* _Supplied data_
————————

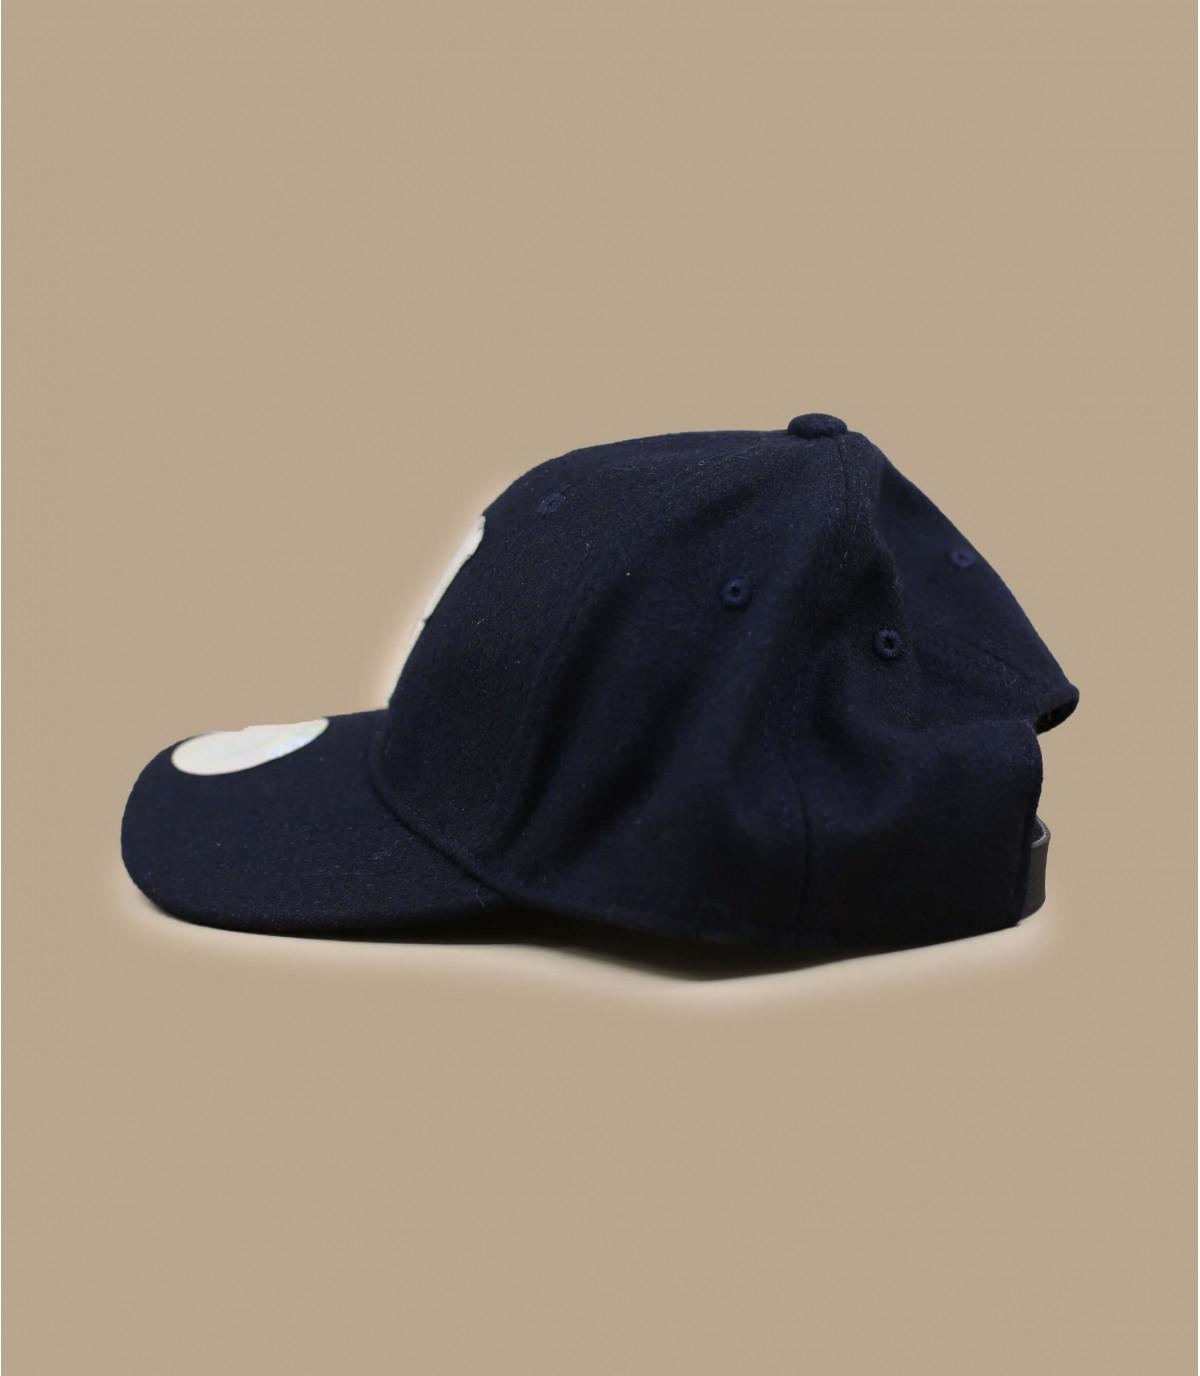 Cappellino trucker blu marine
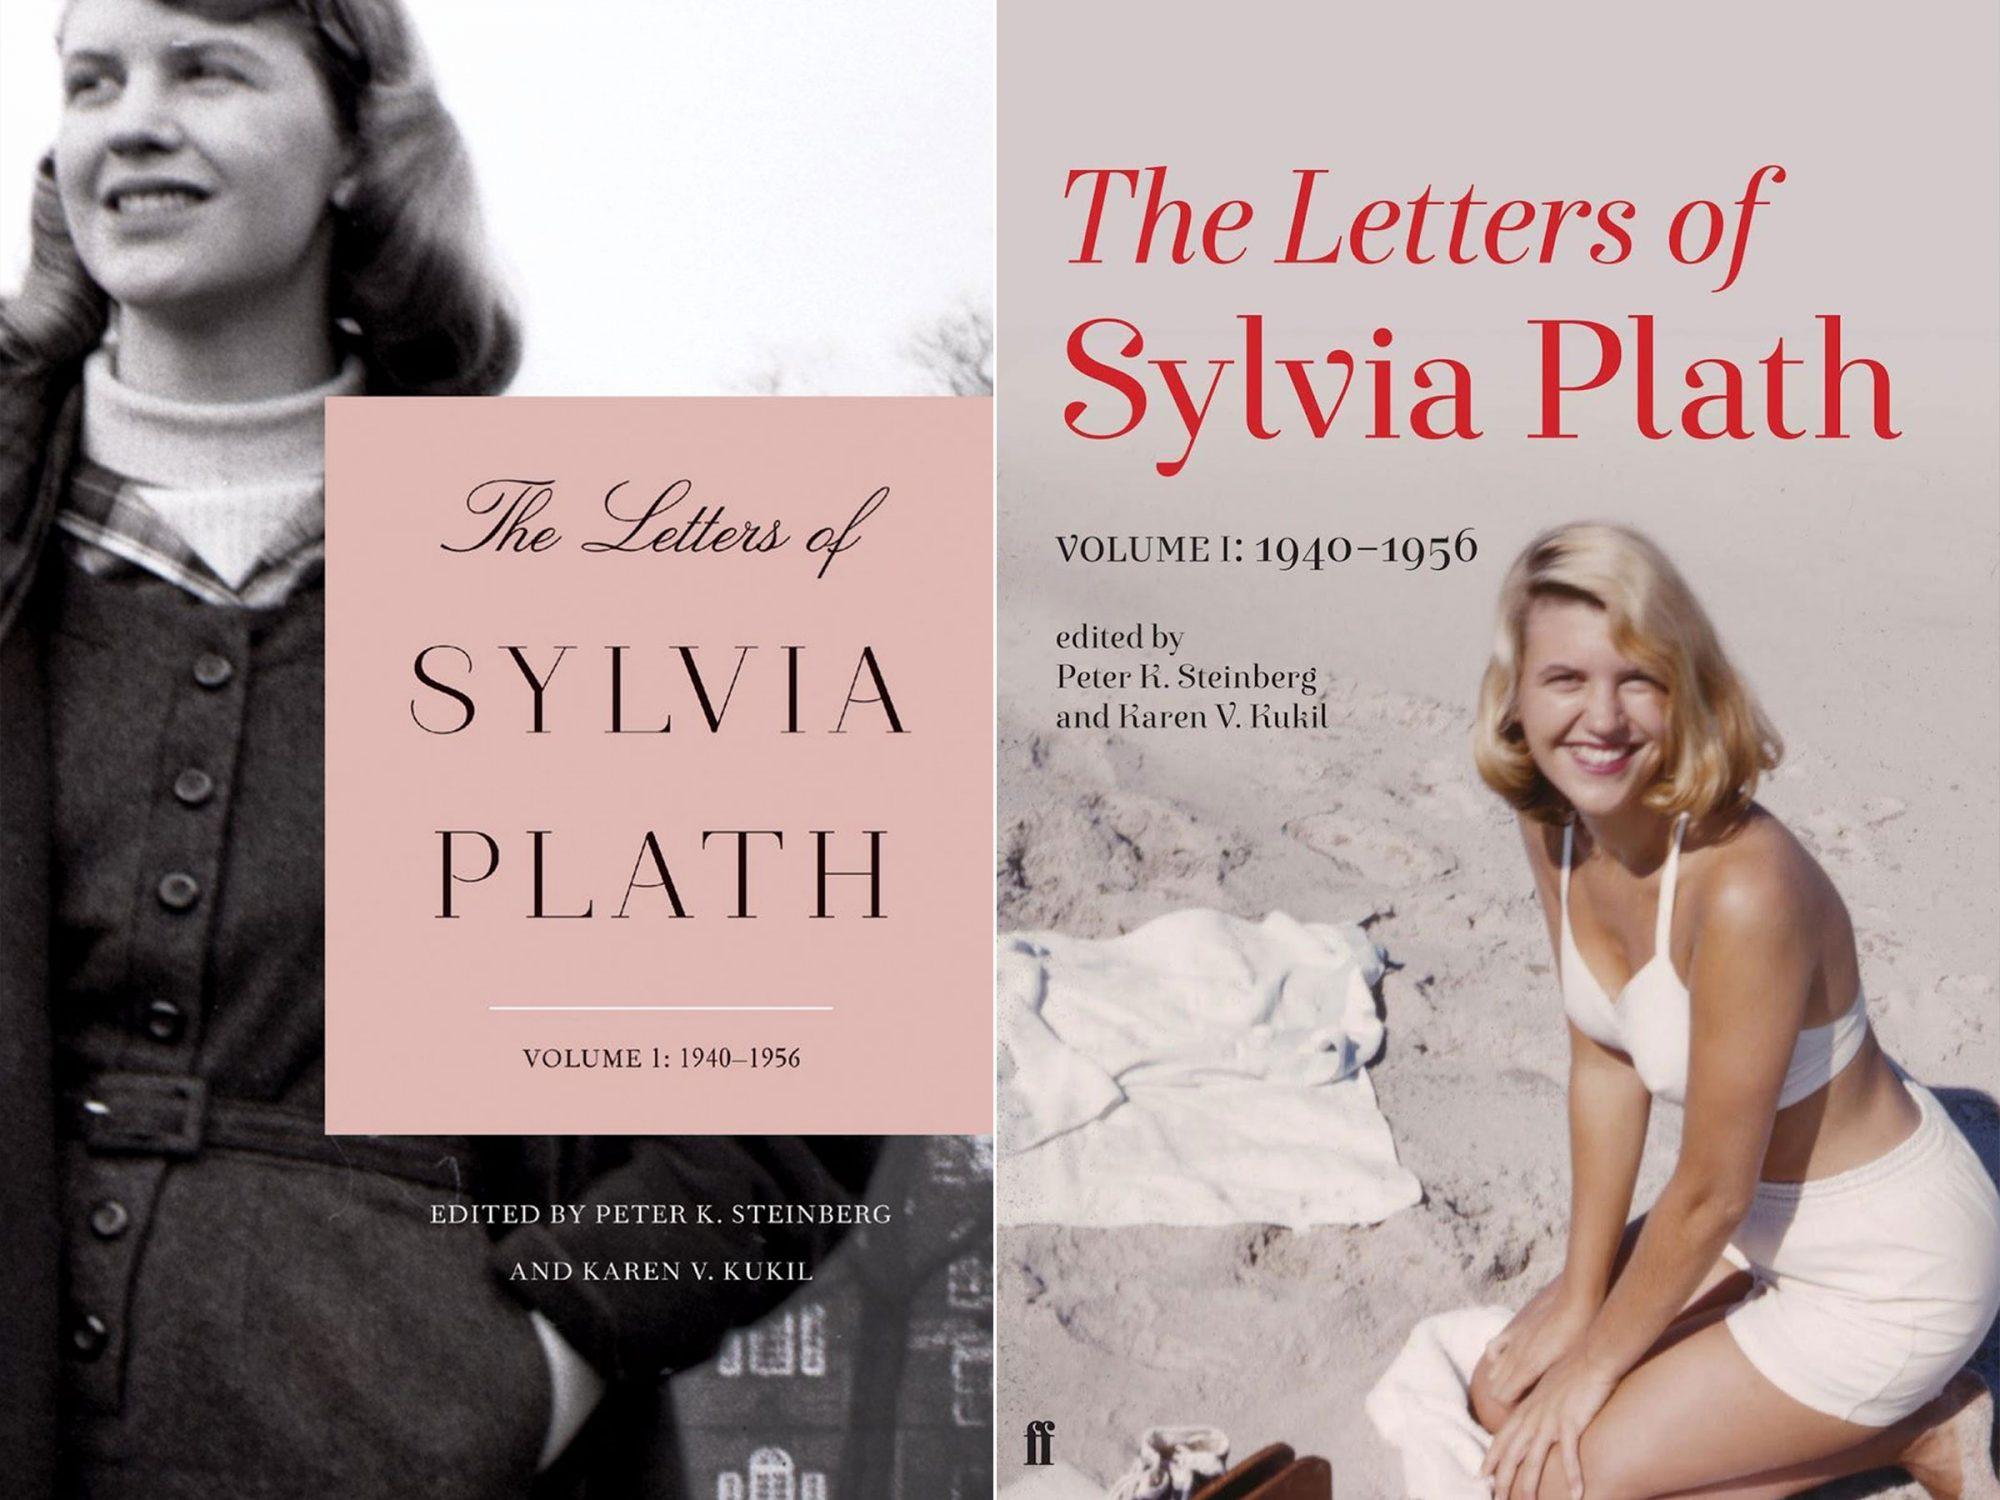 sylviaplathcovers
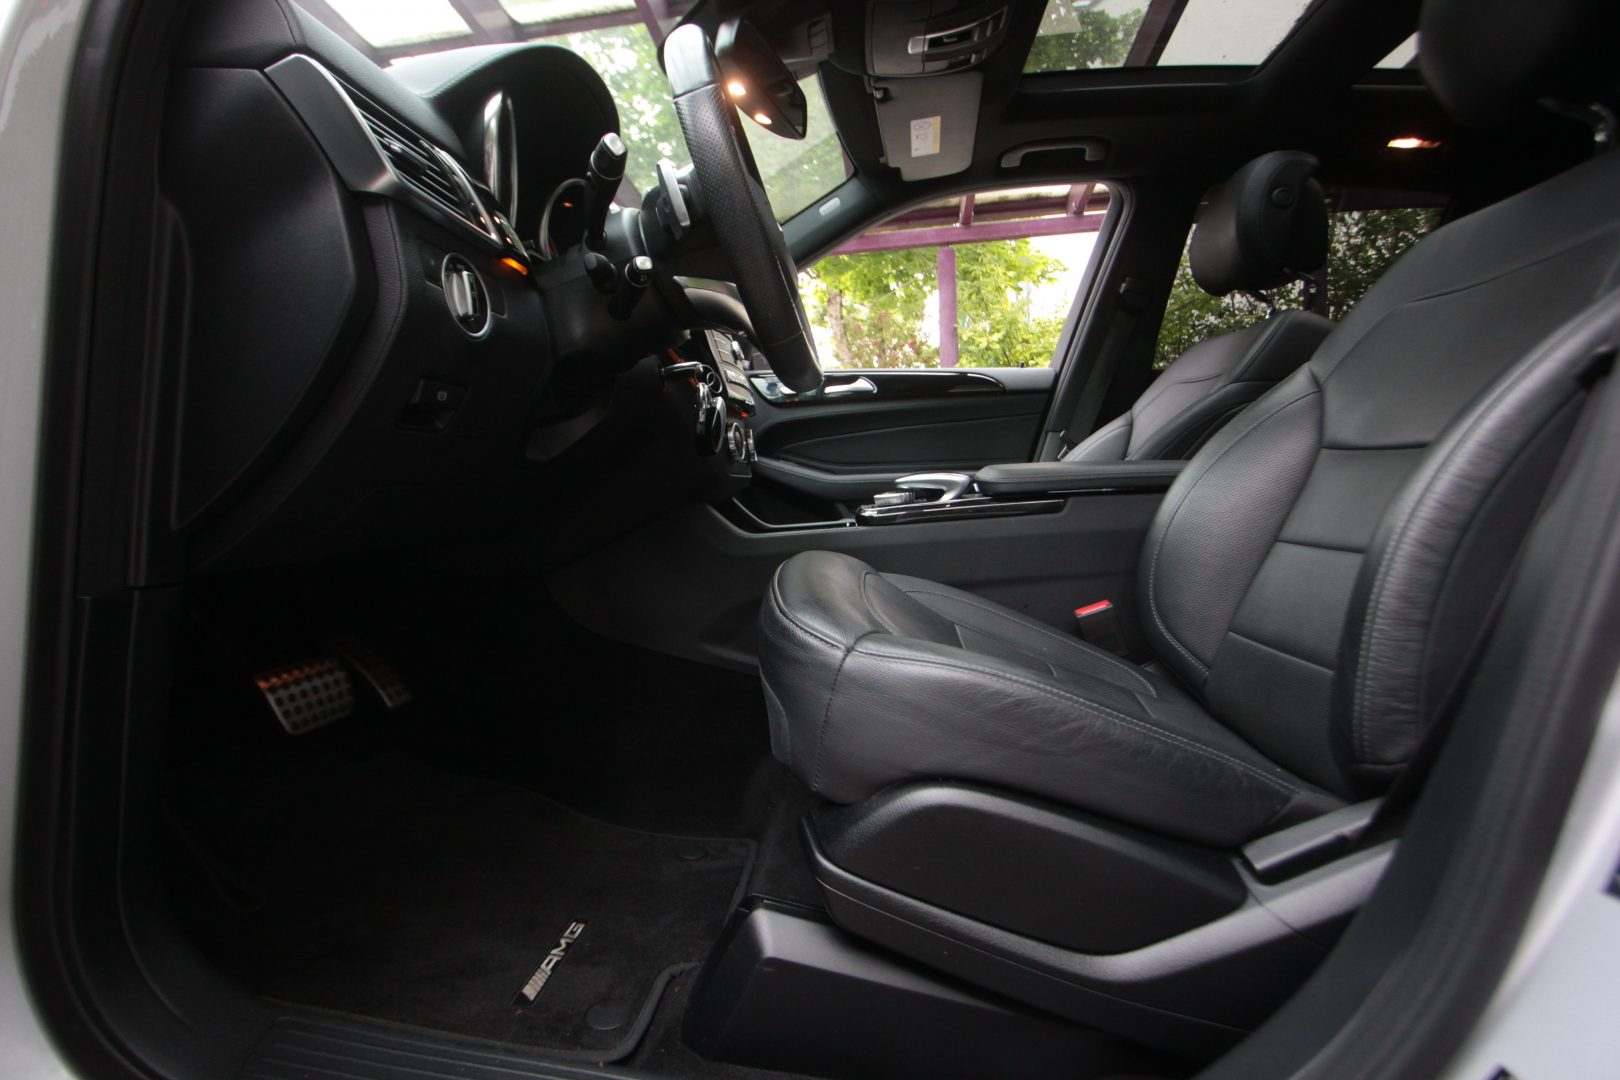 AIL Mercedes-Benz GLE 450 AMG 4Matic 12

————————

* _What to produce_
From the line that contains "sylviaplathcovers" to the last line of the data, print each line exactly, both ends included, and omit the pictures.

* _Completed task_
 sylviaplathcovers
 AIL Mercedes-Benz GLE 450 AMG 4Matic 12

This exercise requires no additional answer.